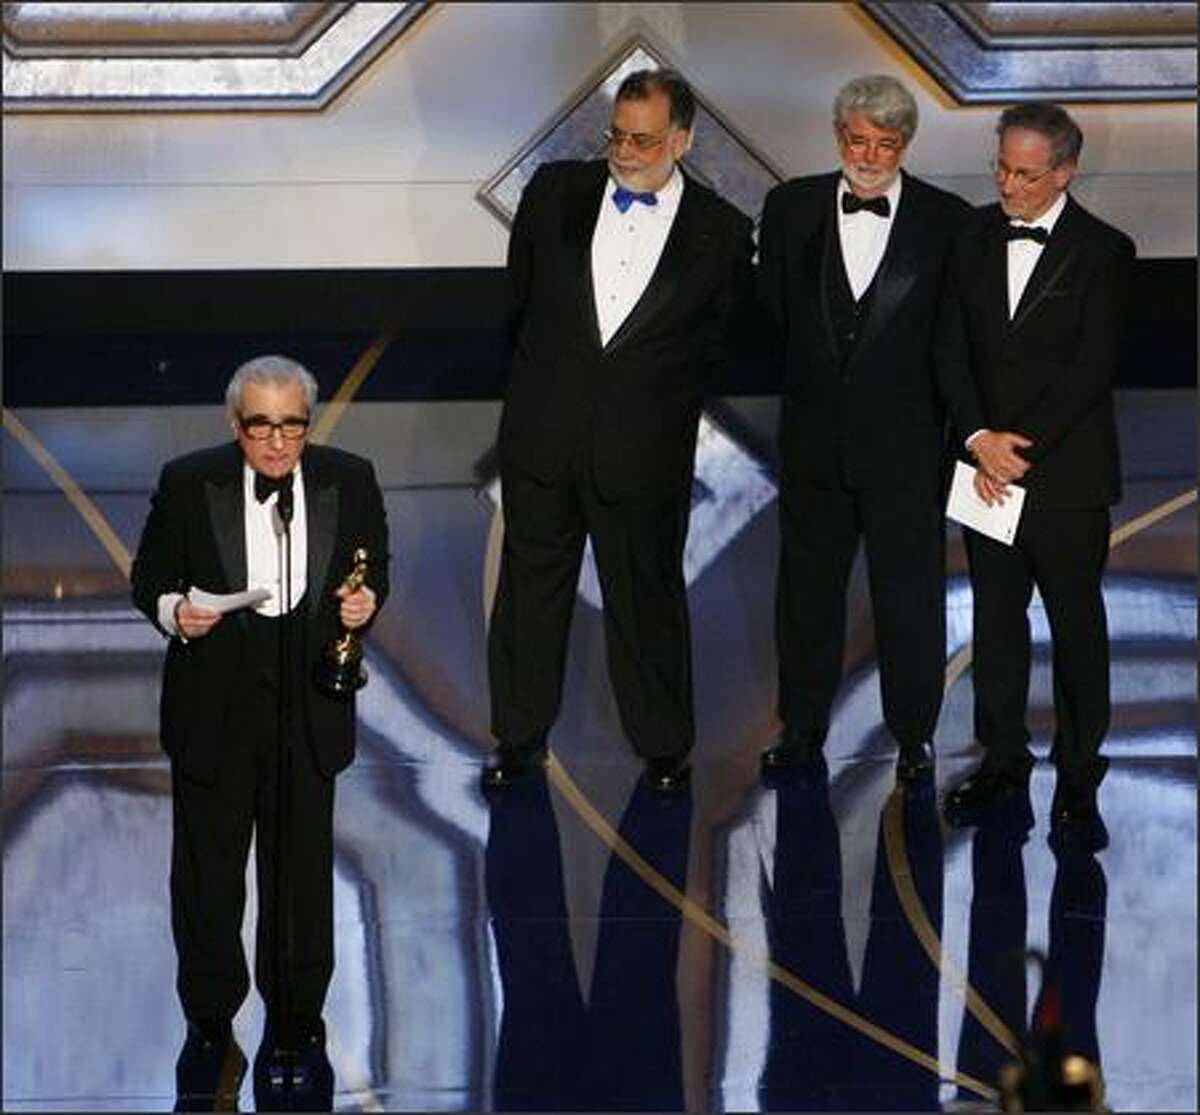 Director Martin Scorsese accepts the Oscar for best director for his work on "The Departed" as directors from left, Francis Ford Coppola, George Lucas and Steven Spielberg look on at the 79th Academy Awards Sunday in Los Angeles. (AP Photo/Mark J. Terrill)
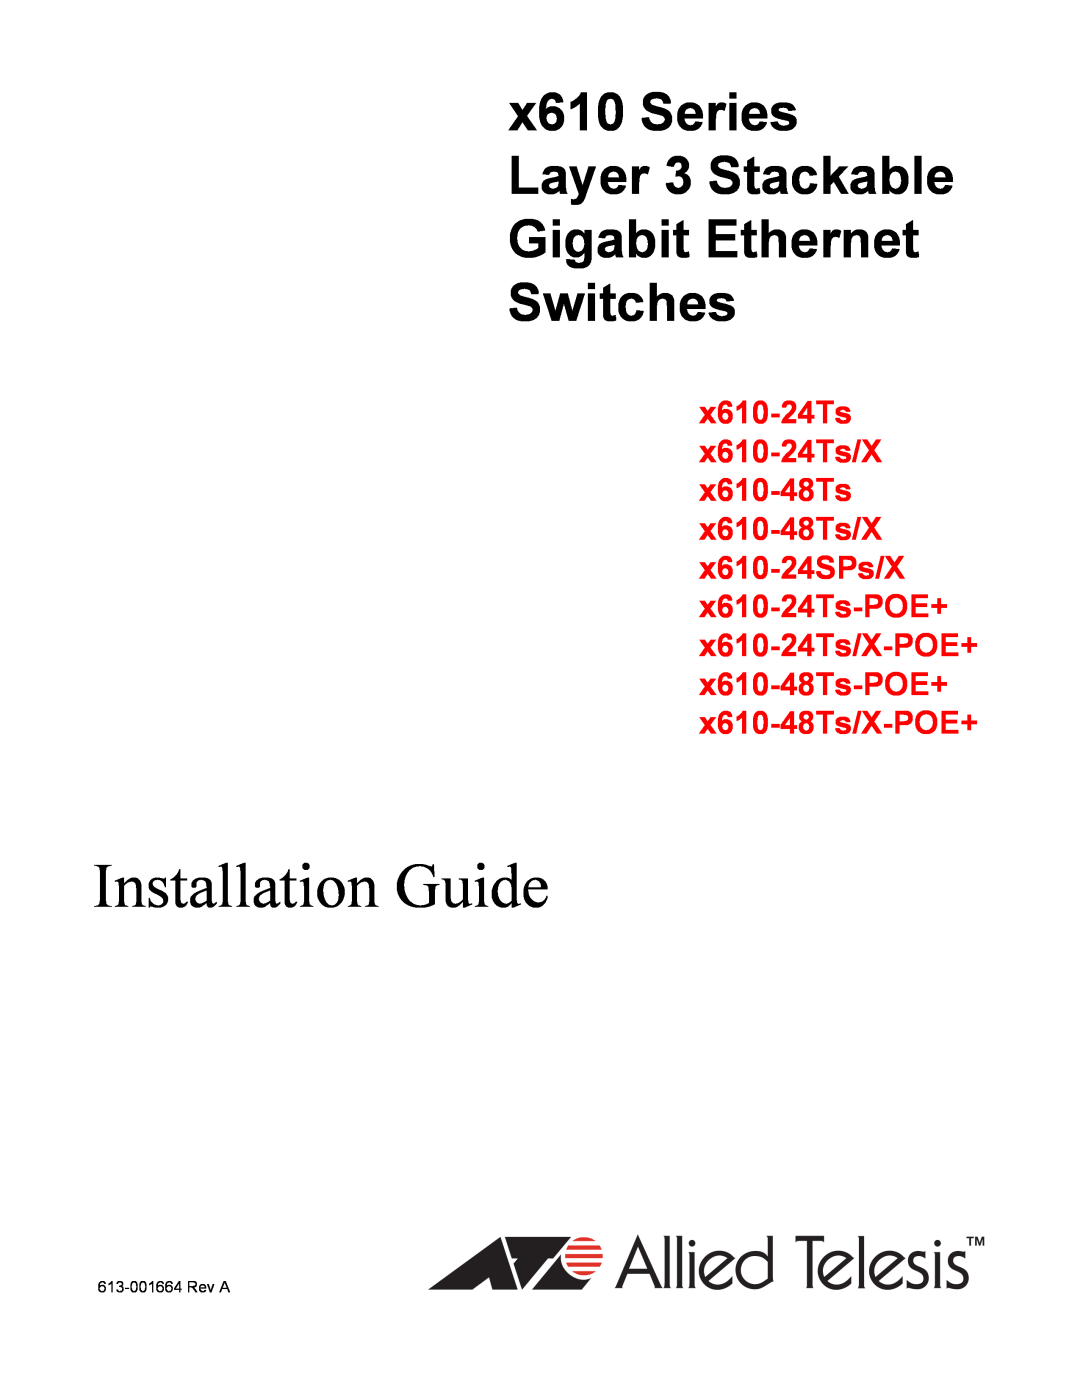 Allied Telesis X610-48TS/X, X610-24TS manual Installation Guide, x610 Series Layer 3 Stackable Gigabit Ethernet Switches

...

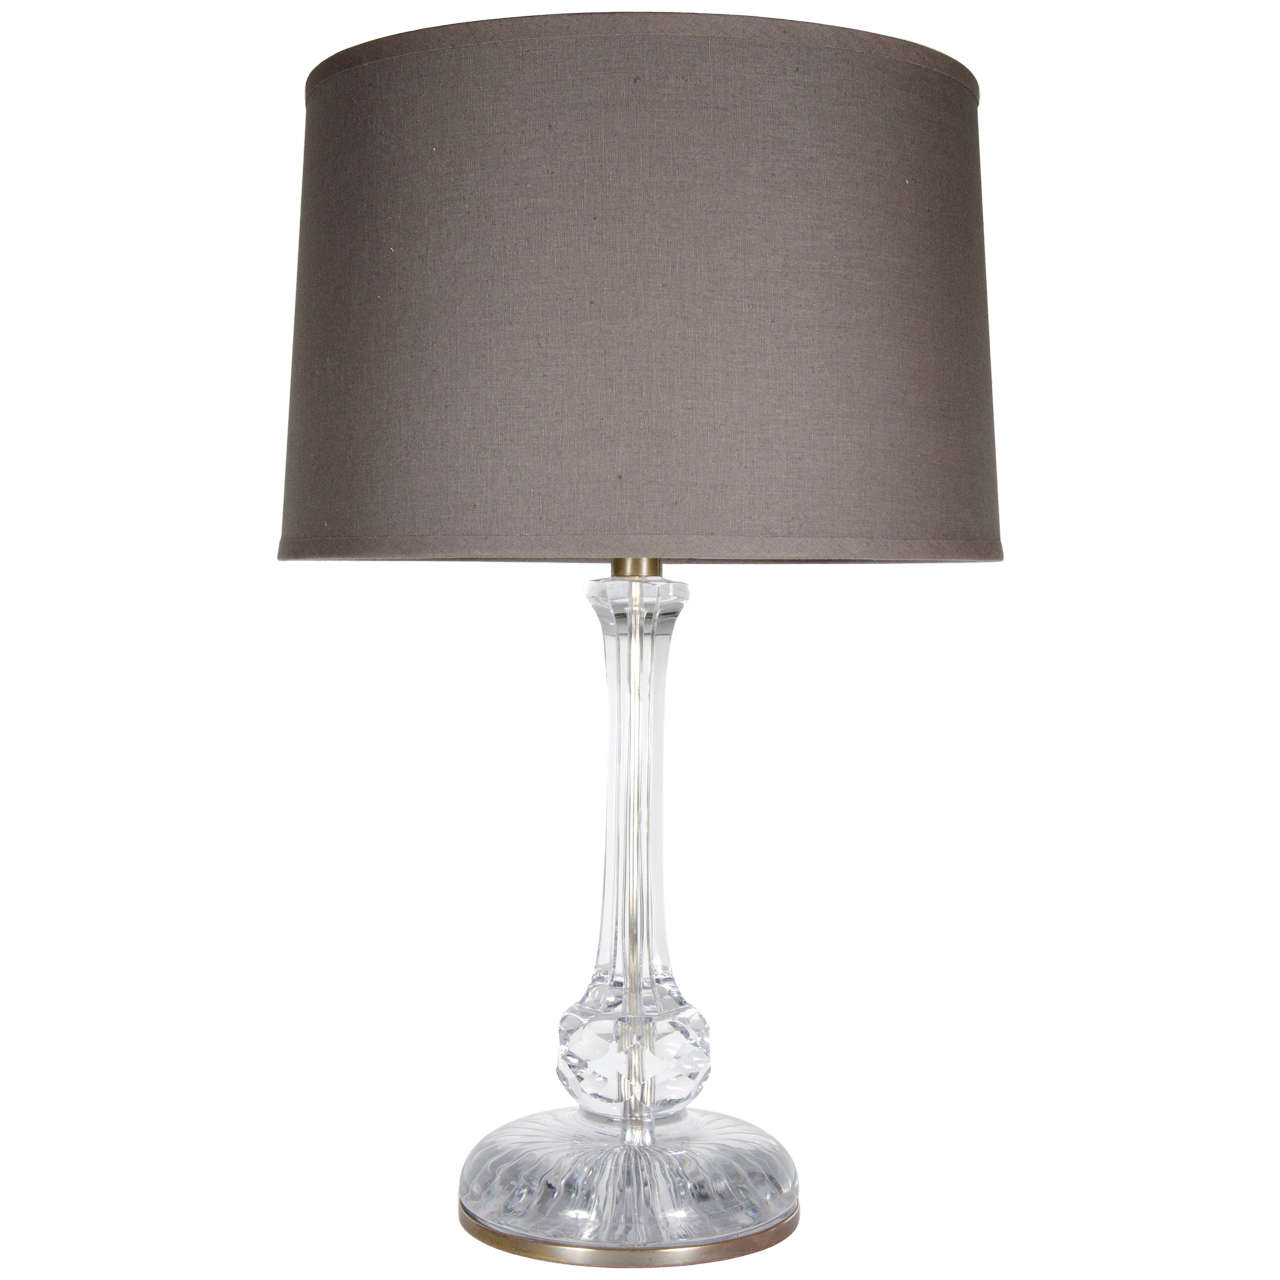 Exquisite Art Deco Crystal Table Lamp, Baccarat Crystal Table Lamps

---

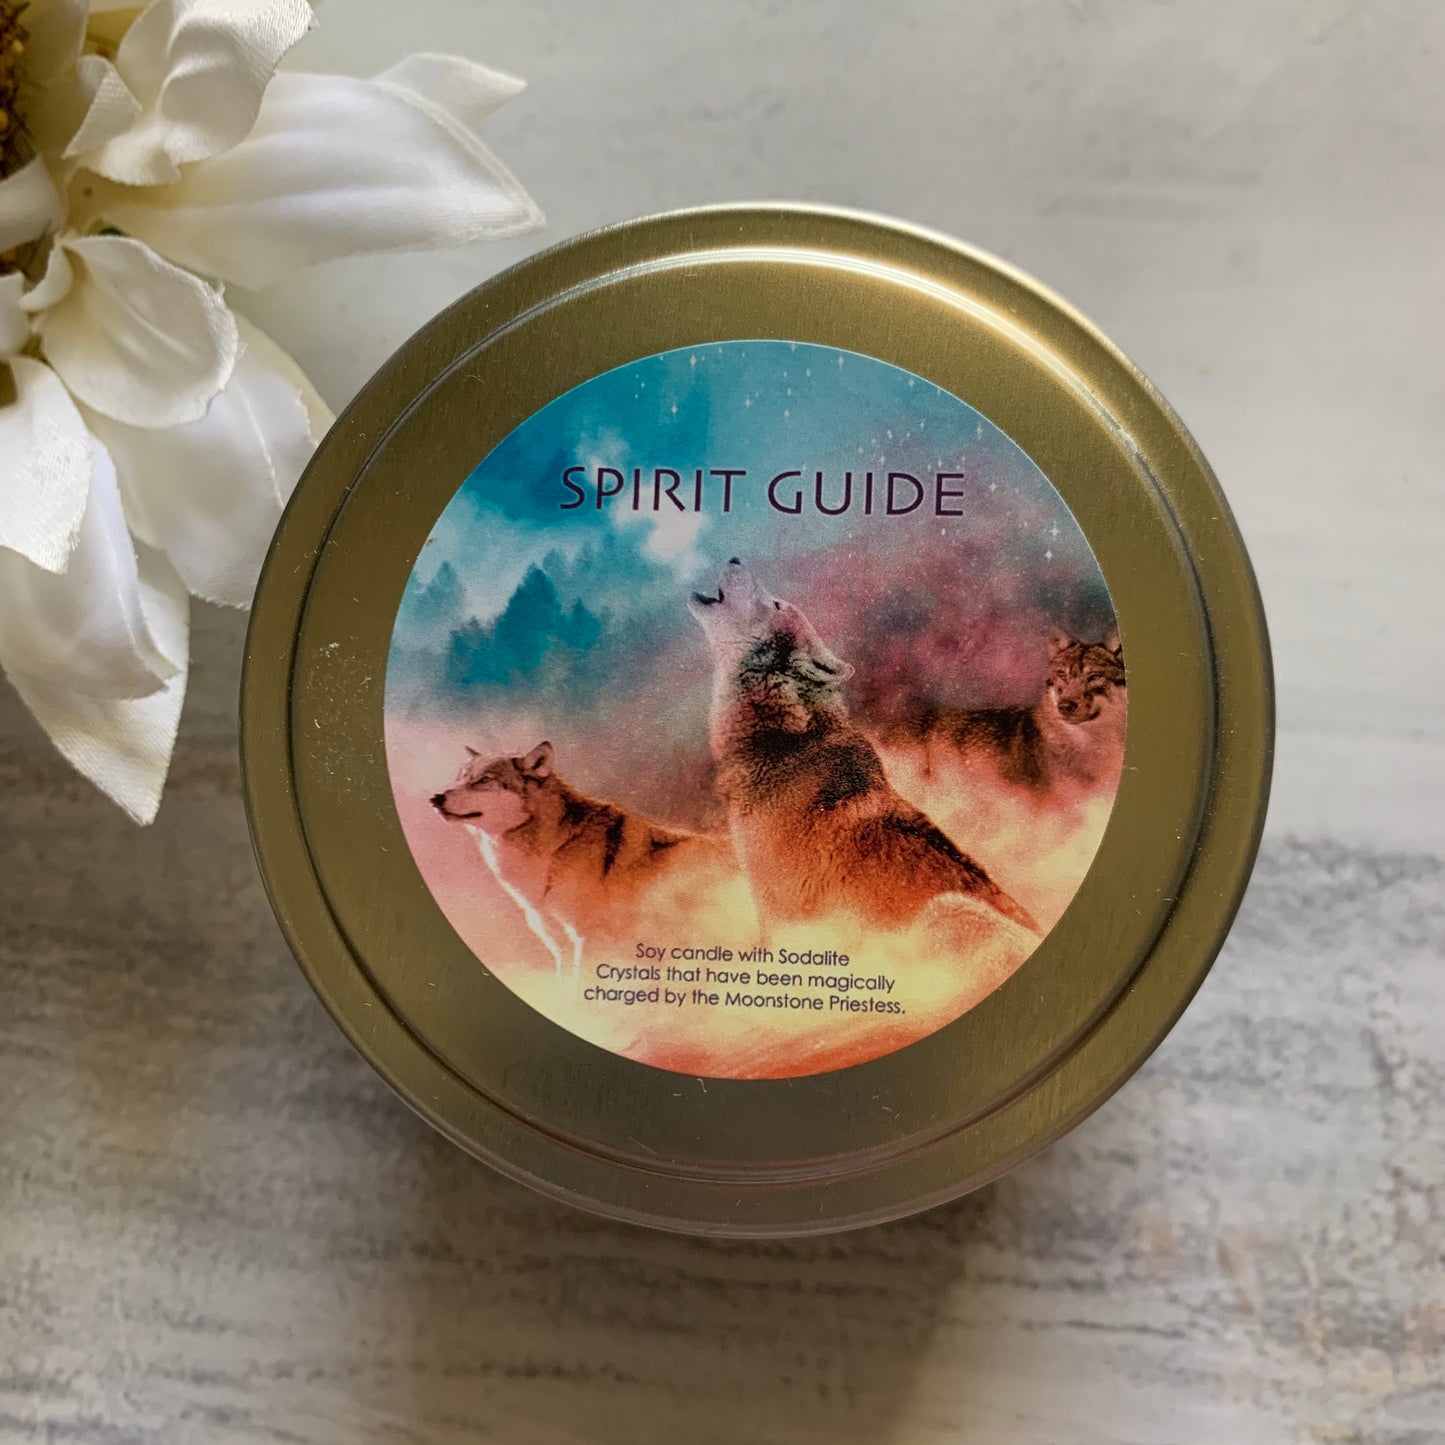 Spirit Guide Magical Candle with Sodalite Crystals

### TASK ITEM
Find where the line with "Director Martin Scorsese" sits in the material above and where the line with "Allied Telesis X610-48TS/X, X610-24TS" sits. Set down exactly the lines from the first to the second, both included and nothing else, without pictures.

### EXPECTED ANSWER
 Director Martin Scorsese accepts the Oscar for best director for his work on "The Departed" as directors from left, Francis Ford Coppola, George Lucas and Steven Spielberg look on at the 79th Academy Awards Sunday in Los Angeles. (AP Photo/Mark J. Terrill)
 Allied Telesis X610-48TS/X, X610-24TS manual Installation Guide, x610 Series Layer 3 Stackable Gigabit Ethernet Switches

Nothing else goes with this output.